**PROBLEM**
Apart from the pictures, which must be omitted, restate the data exactly.
THE DATA Start Marker
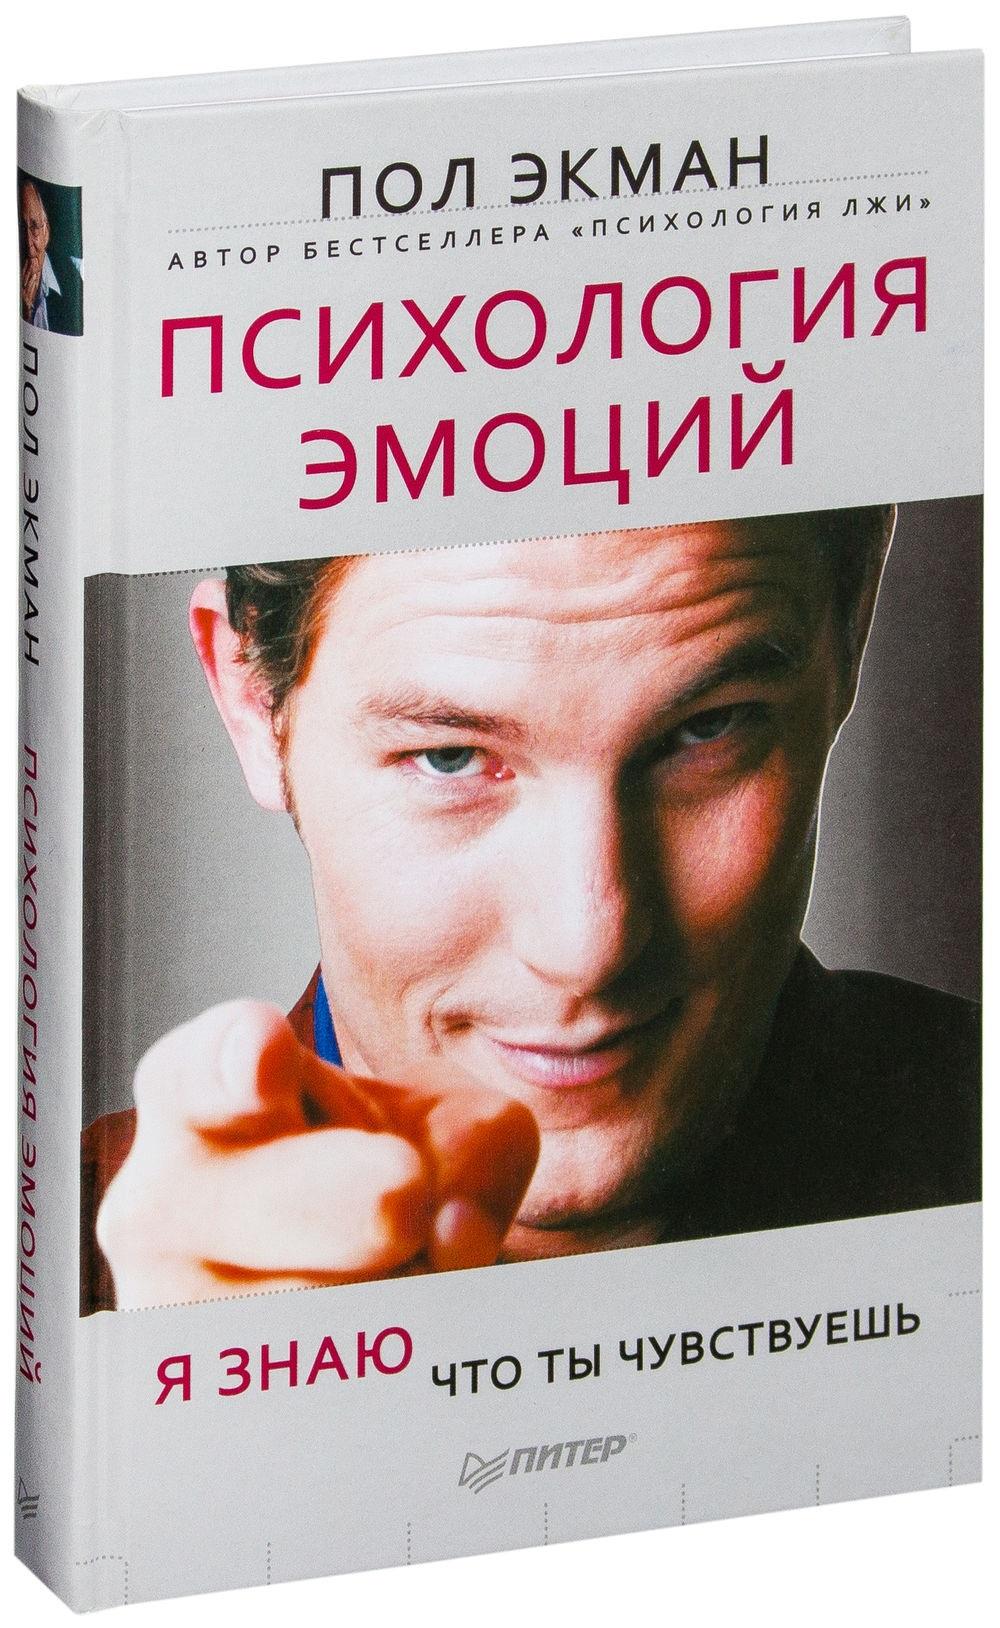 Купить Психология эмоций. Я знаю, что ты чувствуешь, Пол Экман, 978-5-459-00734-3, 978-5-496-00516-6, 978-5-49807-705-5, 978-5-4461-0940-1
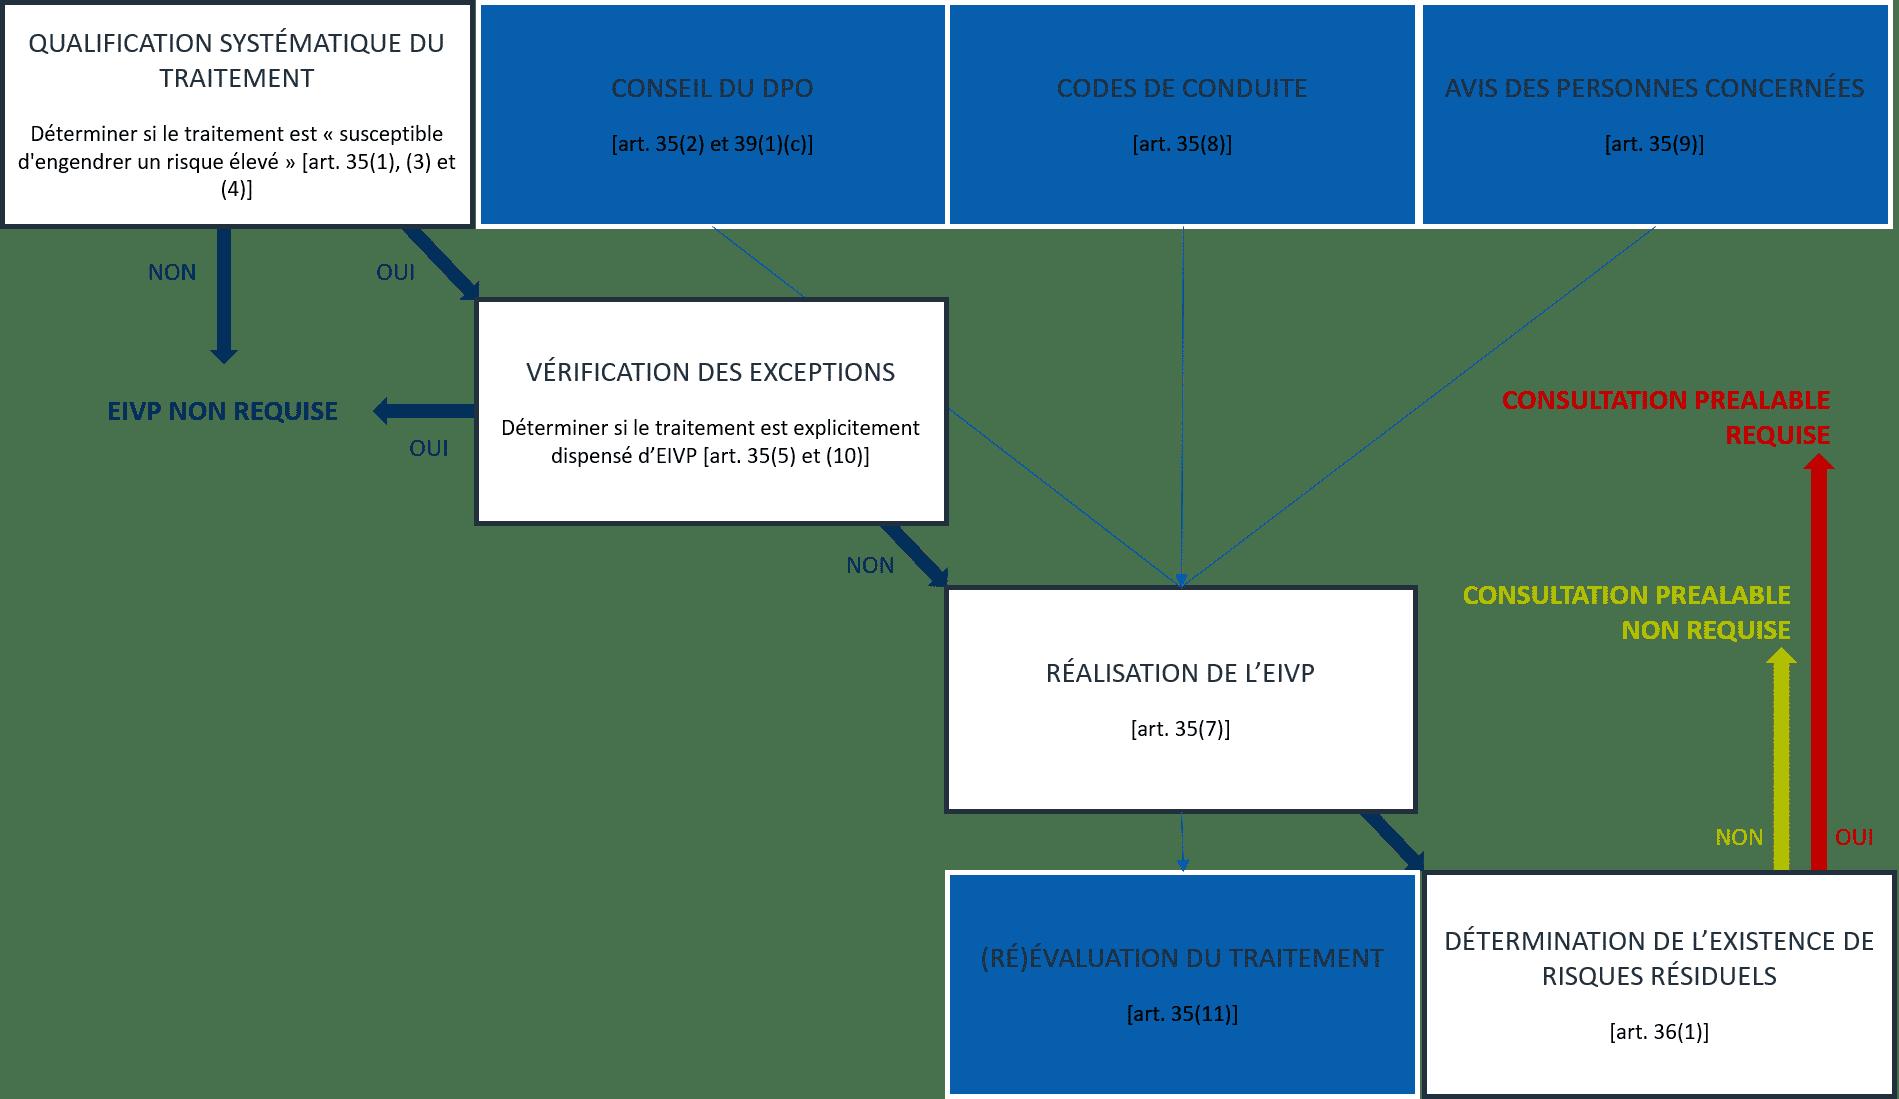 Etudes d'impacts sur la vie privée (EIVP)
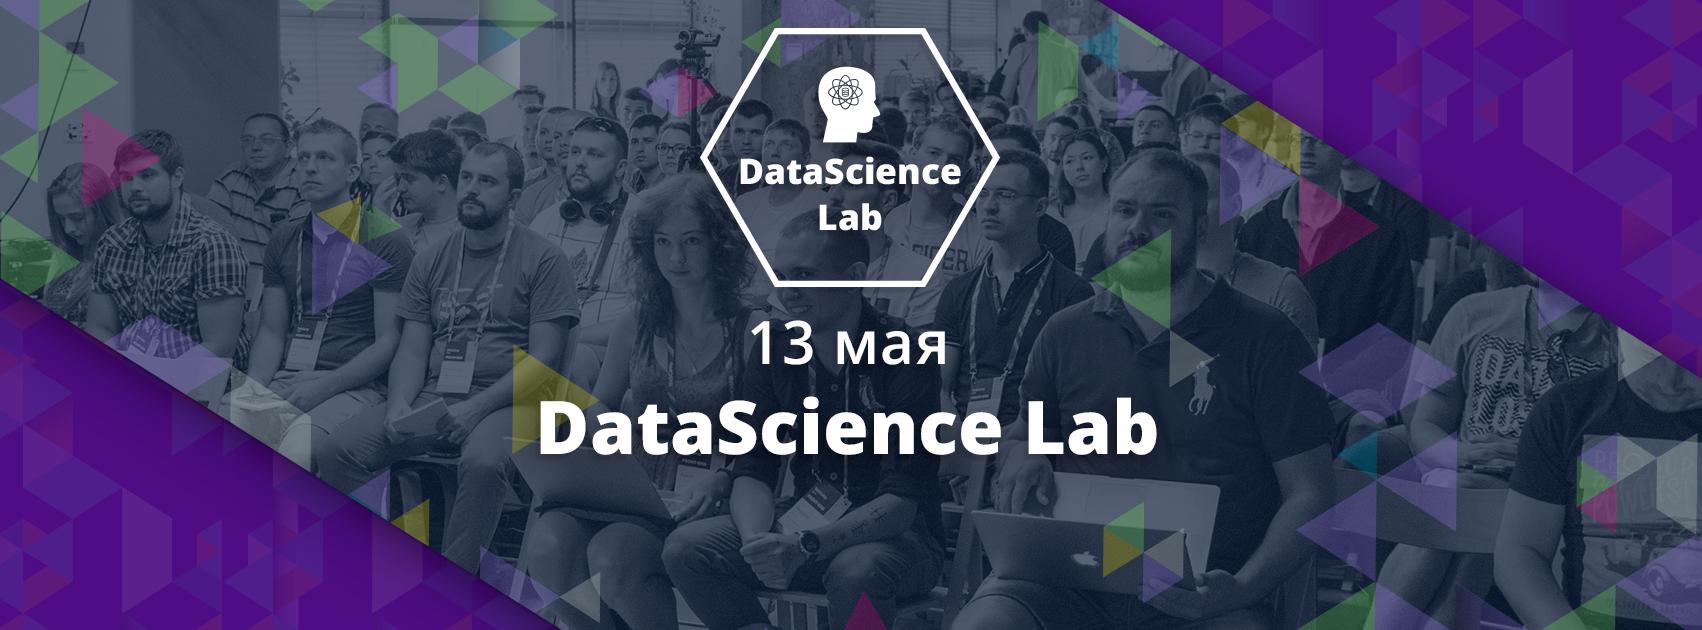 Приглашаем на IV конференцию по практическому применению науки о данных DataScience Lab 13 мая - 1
THE DATA End Marker
**ANSWER BOX**
 Купить Психология эмоций. Я знаю, что ты чувствуешь, Пол Экман, 978-5-459-00734-3, 978-5-496-00516-6, 978-5-49807-705-5, 978-5-4461-0940-1
 Etudes d'impacts sur la vie privée (EIVP)
 Приглашаем на IV конференцию по практическому применению науки о данных DataScience Lab 13 мая - 1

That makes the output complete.